Imagine if all those spamming could actually just curate to get a return on their investment? Imagine if large stake holders actually made a return by trailing some of the manual curation efforts? What if it was actually profitable for individuals to invest in steem and reward the valuable content? Would more people do it? That's the idea.
But what about those just spamming and upvoting themselves? No matter of the split they still are getting 100%, right?
Well that is where downvotes come in...
2) The Downvote Pool
What is it?
The proposed downvote pool is designed to help counter this behavior by removing the "cost" of downvotes to a certain limit. Currently downvotes are not "free", in fact to use a downvote you are using the allocated "mana" that can be used for those 10 upvotes a day that regenerate.

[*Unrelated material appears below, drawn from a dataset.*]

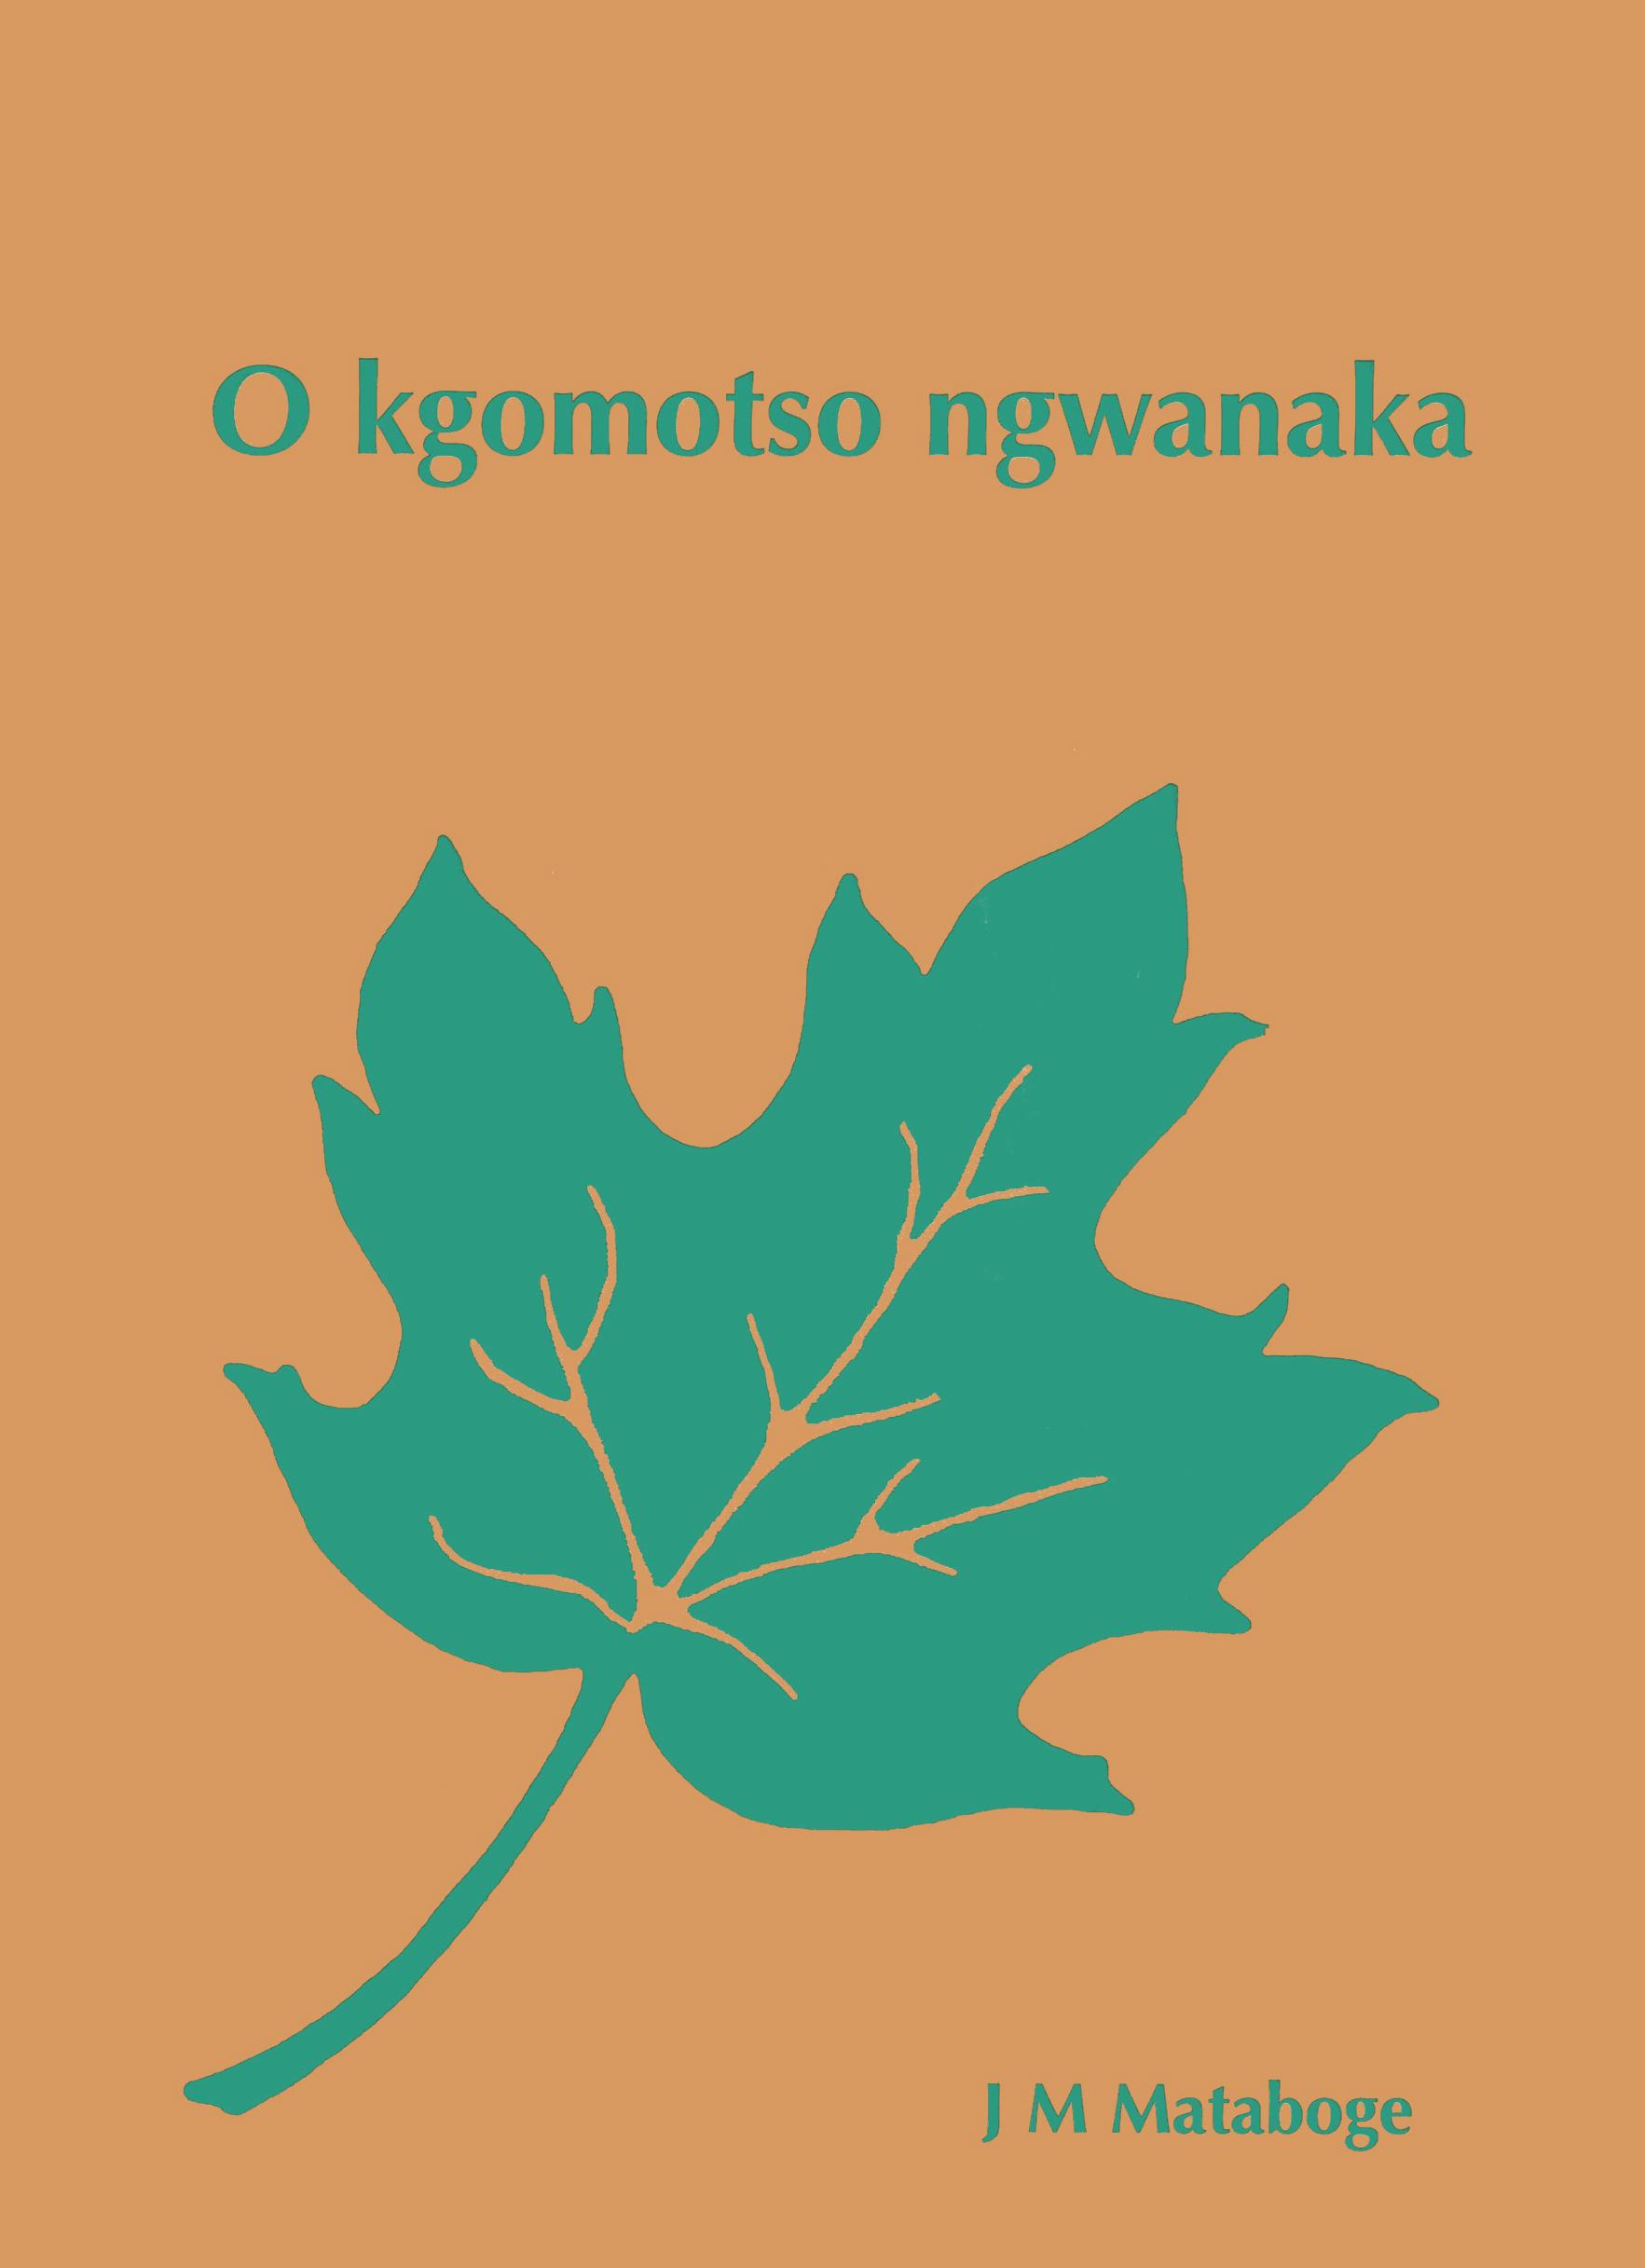 Picture of O kgomotso ngwanaka

Essentially, to downvote something you are throwing away possible ROI you would receive by upvoting something instead. When an individual downvotes something their vote worth, as well as the same amount of reward on the content receiving the downvote is sent back to the shared rewards pool. There is a benefit to the chain of course, as this puts rewards back into the pool to be distributed to all authors, but the individual downvoting has given up ROI of possible curation rewards from casting that vote instead.
This has led to a culture of downvotes not being used by the majority to fight abuse of the shared rewards pool. Leaving us with bid bot abuse going unchecked, self upvoted spam by large and small stake holders alike, as well as extremely overly rewarded content becoming the norm.
Rewards are intended to show consensus from the community- An Upvote is showing a stake holder feels the contribution is worth more than the current reward. A Downvoteis showing a stake holder feels the contribution is worth less than the current reward. At the end of the payout time period (7days) whatever the community consensus is, is then allocated to that specific contribution. It is really that simple.
How will it work?
The proposed pool would just allow 25% "free" downvotes. This means that a separate small pool would be consumed by the downvotes prior to consuming voting mana. Meaning an individual could use a limited amount of downvotes before having to use their "allocated votes" as we see today. There is no "reward" for downvoting, there will just now be a few "free" downvotes to use.
What is the goal?
To encourage downvotes to be used as a curation mechanism, as well as abuse fighting on a larger scale. The goal is for those large stake holders to now be encouraged to go and downvote bid bot abuse as well as self voting spammers who are removing rewards from the shared pool while not returning value.
The idea is that if someone who is currently posting spam and upvoting it now as the option to curate instead and earn a profit(50:50), they may be more likely to do so.. rather than spam and risk being downvoted.
This also applies to bid bot users. If someone is abusing bid bots and is constantly downvoted by the community for doing so they will loose money, as they have to pay for those votes. If it is no longer profitable, they most likely will not do it anymore.
The idea is to reward the behavior you want to see, and sometimes that means showing distaste for what you do not want to see.. and that is accomplished through downvotes.
3) The Curve
What is it?
The curve is a proposal to go from the current linear curve to a convergent linear curve. Steemit Inc's own Vandeburg did a very technical analysis of it in this post as well as an updated diagram from Steemit Inc. seen here for anyone wanting a technical description of it.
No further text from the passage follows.